Please solve the equality of this function. Let $f,g,h:\mathbb R\to \mathbb R$. Show that:
$$
(f+g)\circ h = f\circ h + g \circ h
$$  
$$
(f\cdot g)\circ h = (f\circ h)\cdot(g \circ h)
$$
I know that $(f+g)(x)=f(x)+g(x)$.
But I don't know how to start. 
 A: It is enough to expand the definitions, for example:
\begin{align}
(f\cdot g)(x) &= f(x) \cdot g(x) \tag{$\spadesuit$} \\
(f \circ g)(x) &= f\big(g(x)\big) \tag{$\clubsuit$} \\
\big((f\cdot g)\circ h\big)(x) 
  &\stackrel{\clubsuit^\to}= (f \cdot g)\big(h(x)\big) \\
  &\stackrel{\spadesuit^\to}= f\big(h(x)\big)\cdot g\big(h(x)\big) \\
  &\stackrel{\clubsuit^\gets}= (f \circ h)(x) \cdot (g \circ h)(x) \\
  &\stackrel{\spadesuit^\gets}= \big((f\circ h) \cdot (g \circ h)\big)(x)
\end{align}
For the first equation it is almost the same.
I hope this helps $\ddot\smile$
A: Two functions $f$ and $g$ are defined to be equal when $f(x) = g(x)$ for every $x$ in their domain.

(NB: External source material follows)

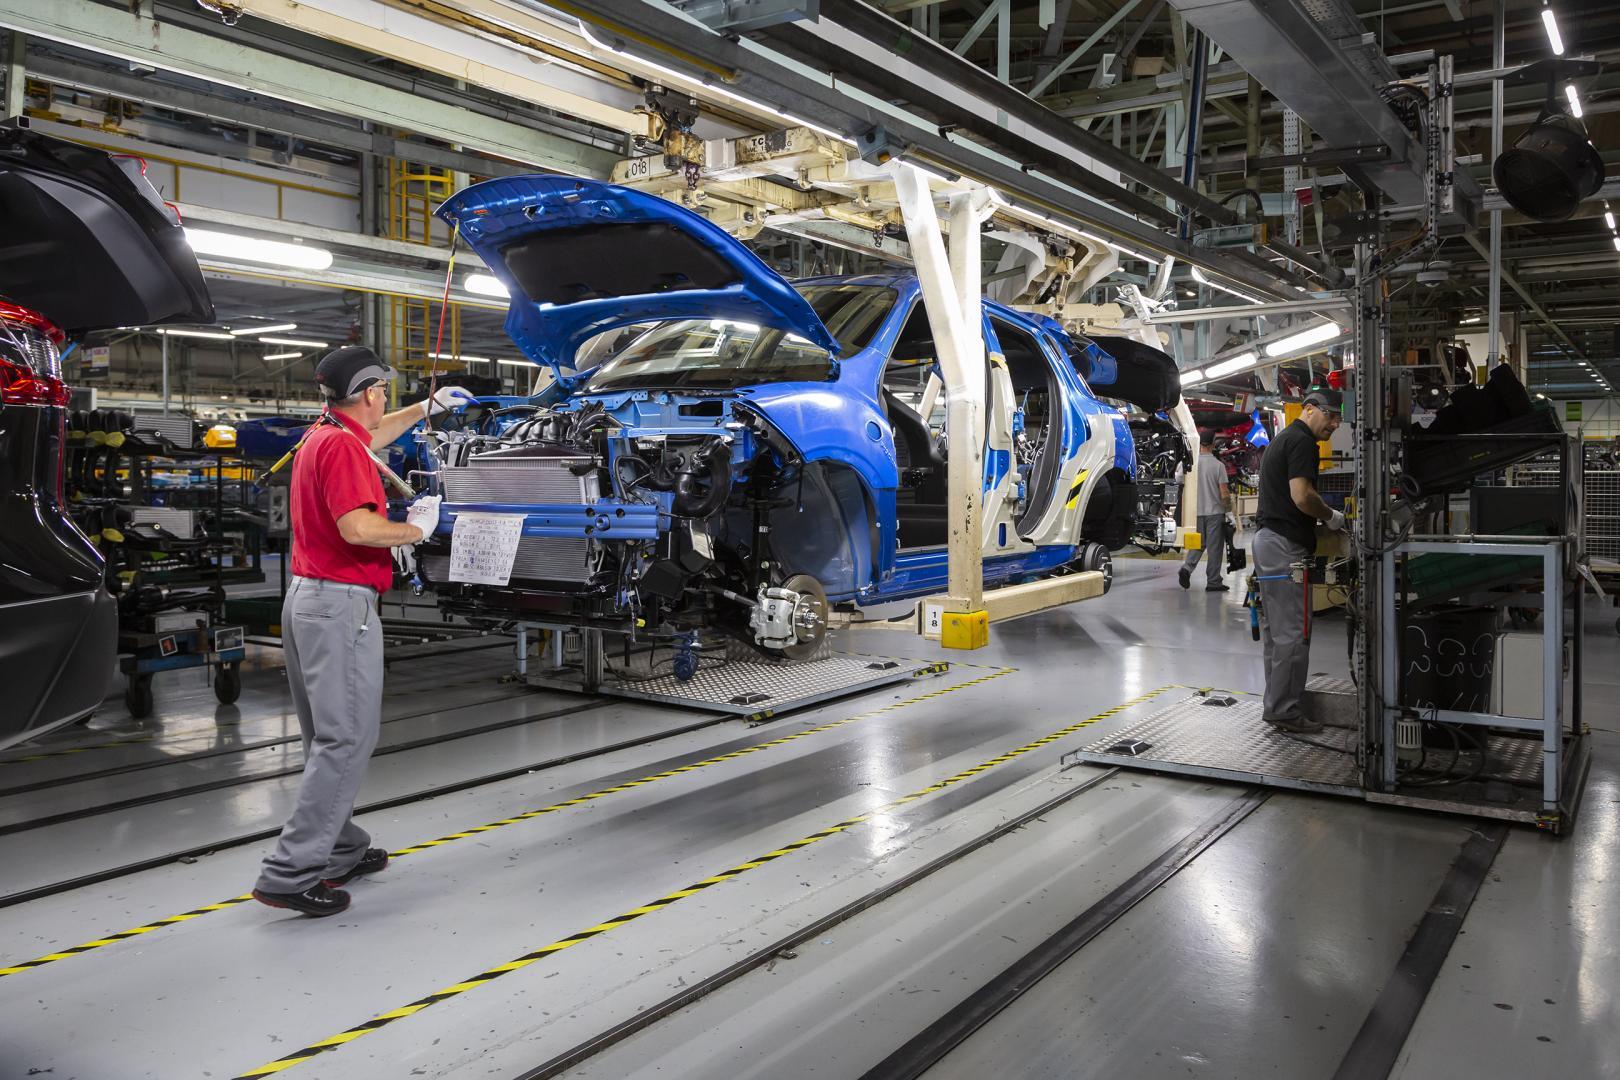 Miljoenste Nissan Juke in de Nissan-Fabriek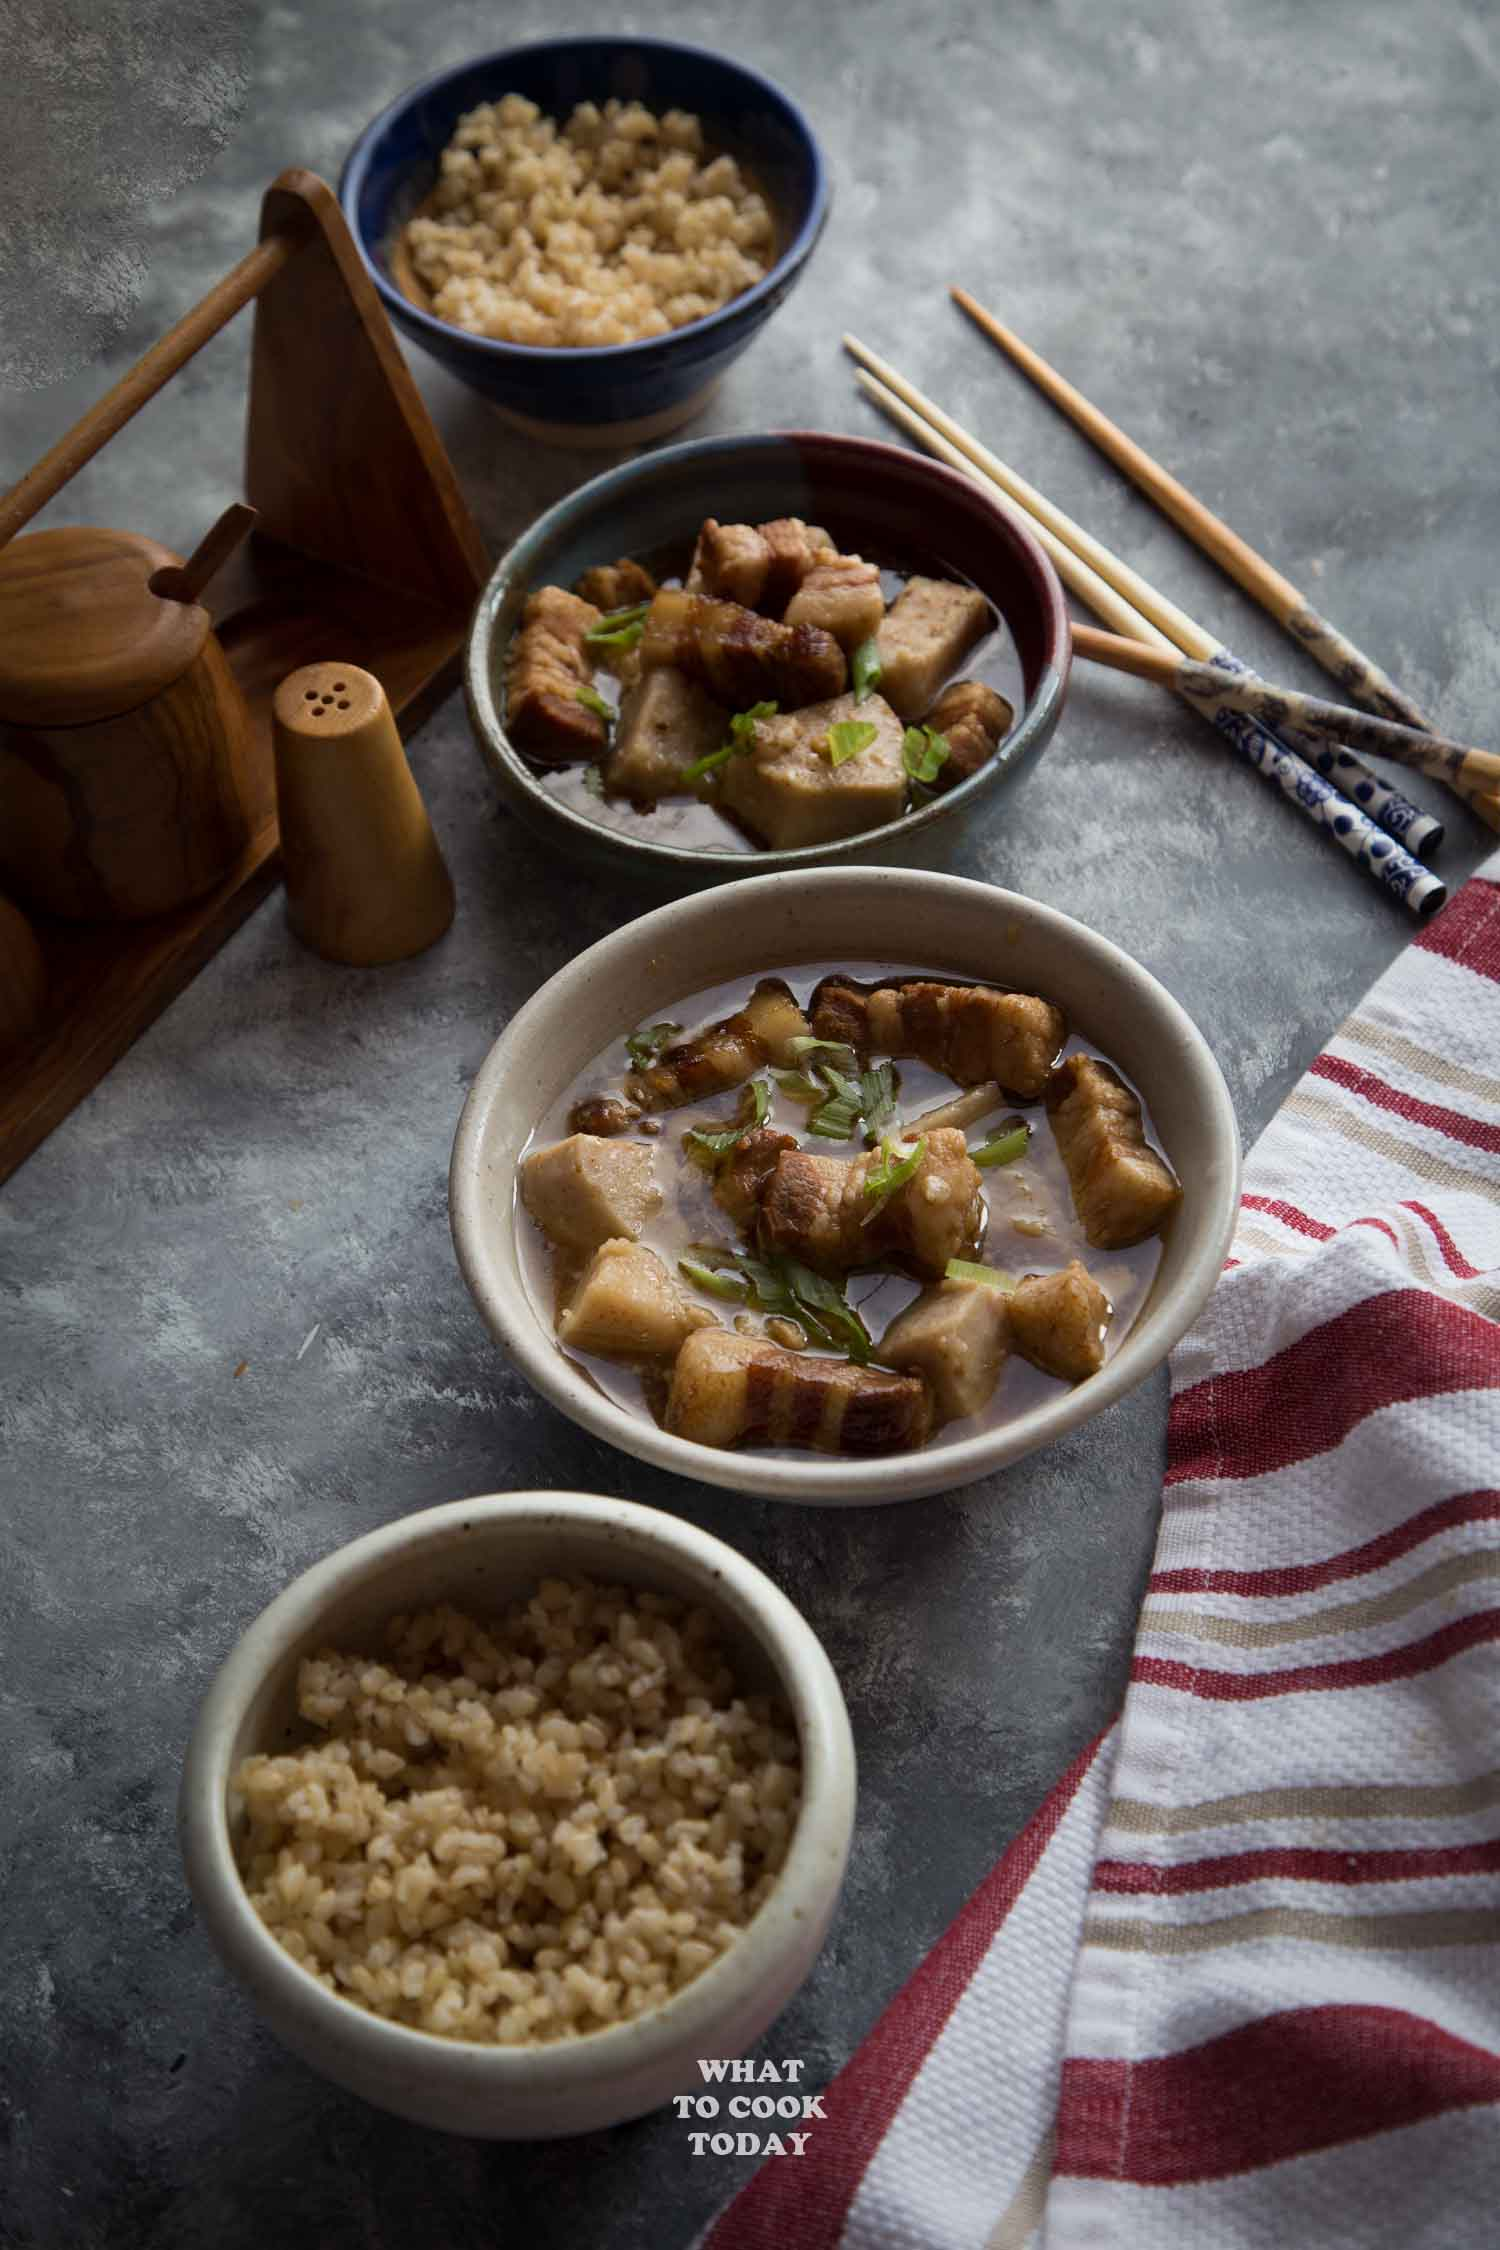 Easy Pressure Cooker Braised Pork with Yam (Taro)

In your exercise, to show that $(f + g) \circ h = f \circ h + g \circ h$, you need to show that
$$((f+g) \circ h)(x) = (f \circ h + g \circ h)(x)$$
for all $x \in \mathbb{R}$.
If you systematically use the general definitions of $f+g$, $fg$ and $f \circ g$, then this should be straightforward. For instance, using the definitions we get that
$$((f+g) \circ h)(x) = (f+g)(h(x)) = f(h(x)) + g(h(x))$$